Deploying Claude Agents to Production: Fly.io, Vercel, and Lambda
The right deployment target for a Claude agent depends on one factor: does your agent need to run longer than 30 seconds? If yes, use Fly.io or a VPS. If no, Vercel or AWS Lambda works and costs less. Most agentic workflows — multi-step tool use, web research, code execution — exceed serverless time limits. Understanding the deployment envelope before you build saves a painful migration later.
The core constraint: agent execution time
Claude agents that use tools commonly run for 60–300 seconds:
- A research agent fetching 5 web pages + summarising: ~90 seconds
- A code debugging agent running tests iteratively: 2–5 minutes
- A document processing agent chunking a 100-page PDF: 3–8 minutes
Serverless platforms have hard limits:
- Vercel Functions: 60 seconds (Pro), 300 seconds (Enterprise)
- AWS Lambda: 15 minutes maximum
- Cloudflare Workers: 30 seconds CPU time
For agents that routinely exceed these windows, you need a persistent process host.
Option 1: Fly.io (best for agents that need persistent processes)
Fly.io runs Docker containers on global edge hardware. VMs stay alive between requests, which means:
- No cold start penalty for the Claude SDK client
- Long-running agentic loops without time limits
- WebSocket connections for streaming responses
Cost: $0.00 (Hobby tier) for a single shared-CPU-1x VM with 256MB RAM. Most Python agent workers fit in 512MB–1GB.

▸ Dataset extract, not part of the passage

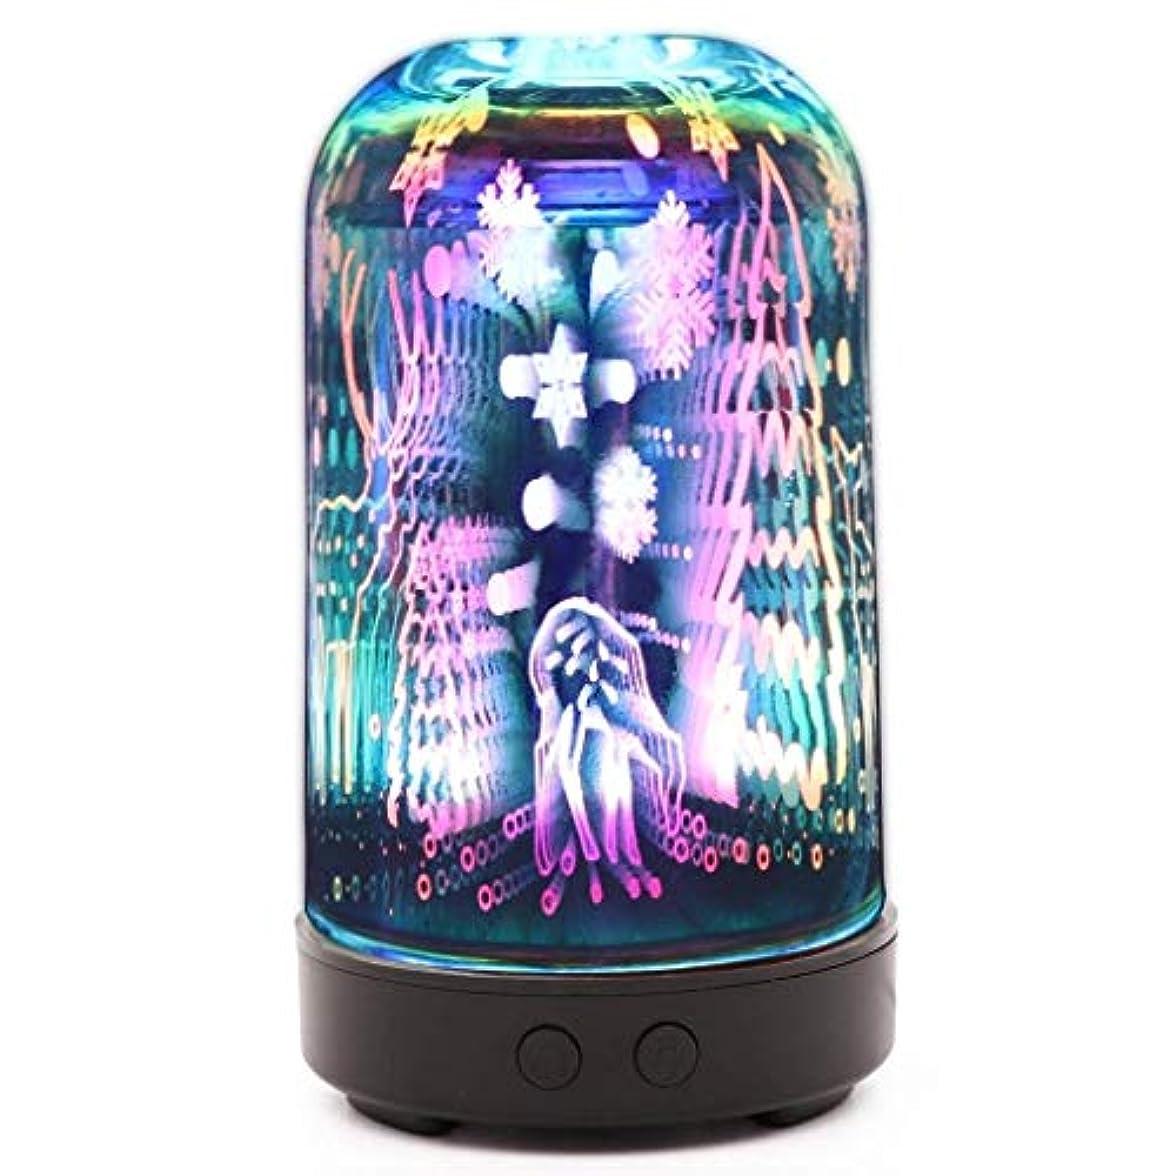 おんどりラベプレゼント3dガラスエッセンシャルオイルディフューザー、100ミリリットルアロマセラピー超音波クールミスト空気加湿器自動シャットオフ機能ホームオフィス用ヨガスパ (Color : B)

Minimal Dockerfile for a Python agent
FROM python:3.12-slim
WORKDIR /app
COPY requirements.txt .
RUN pip install --no-cache-dir -r requirements.txt
COPY . .
CMD ["python", "-m", "uvicorn", "app.main:app", "--host", "0.0.0.0", "--port", "8080"]
FastAPI wrapper for an agent endpoint
from fastapi import FastAPI, HTTPException
from pydantic import BaseModel
import anthropic
app = FastAPI()
client = anthropic.Anthropic()
class AgentRequest(BaseModel):
task: str
session_id: str | None = None
@app.post("/run")
async def run_agent(request: AgentRequest):
"""
Run a Claude agent task. Streams response or returns final output.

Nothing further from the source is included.